The Charlotte City Council is considering asking property owners to pay a 4.5 mill assessment to keep the fire department open.
Property owners in Charlotte already pay 14.25 mills per year. The proposed increase would add $450 per year to the tax bill for a home with an assessed value of $200,000.
Mayor Michael Armitage says the tax assessment isn’t something he wants to do, but it’s a matter of choosing public safety or dollars.
“We’re stuck between, you know what’s worse of two evils?” Armitage says.
Charlotte has a big-time deficit and is on pace to blow through its $300,000 in savings by the end of the year, according to the mayor.
Money for the fire department normally comes out of the city’s general fund. He says adding the assessment will help the city pay operational costs and pensions.
“We only have 48 employees currently in the city, so we have more people drawing retirement benefits than we have,” Armitage says. “And when you’re funded that low, we’re essentially just paying out what’s being drawn on to that fund. So we’re already on the state’s radar, we already had to file reports in the state about our pension liability.”

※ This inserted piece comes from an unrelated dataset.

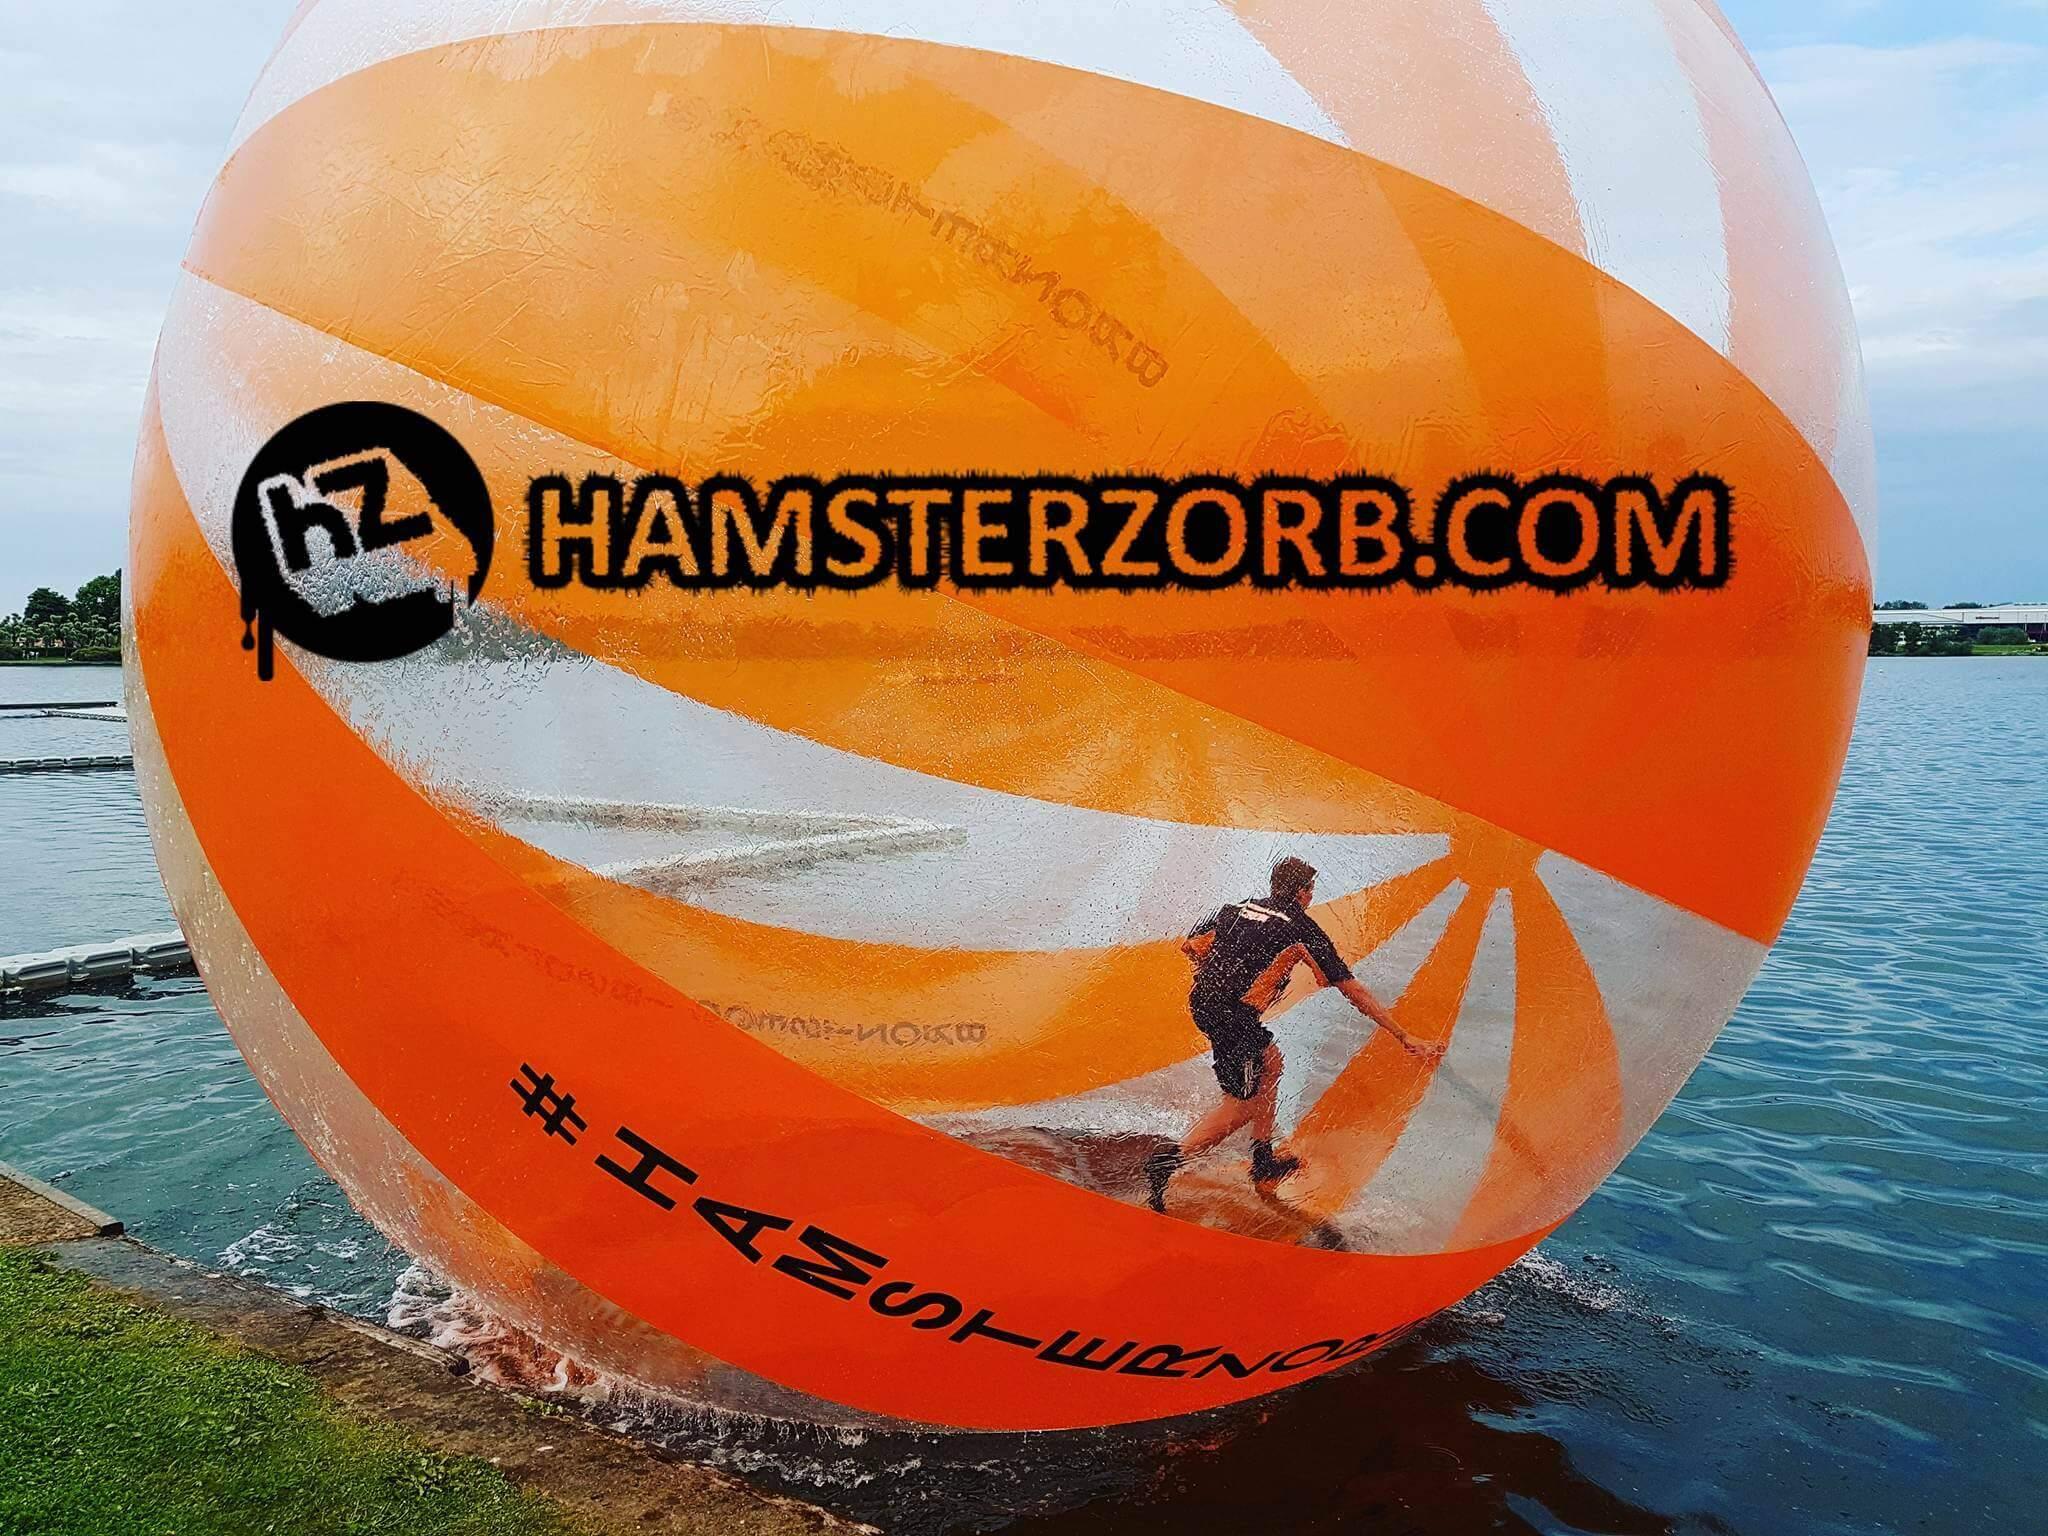 Hamsterzorb ball

Some in the community aren’t happy the problem has gotten severe enough that the partial-volunteer fire department could be in danger.
“I understand a lot of the frustration you know, I don’t like taxes, I don’t like special assessments,” Armitage adds.
But Armitage says the city needs more money or cuts are coming.
“A lot of these problems that we’re facing, it’s been building up for a long time, and now we’re to a point where it’s critical.”
The city council will meet on Monday to discuss the millage further. It’s possible it could be instituted by July and could eventually pop up on voter ballots in November.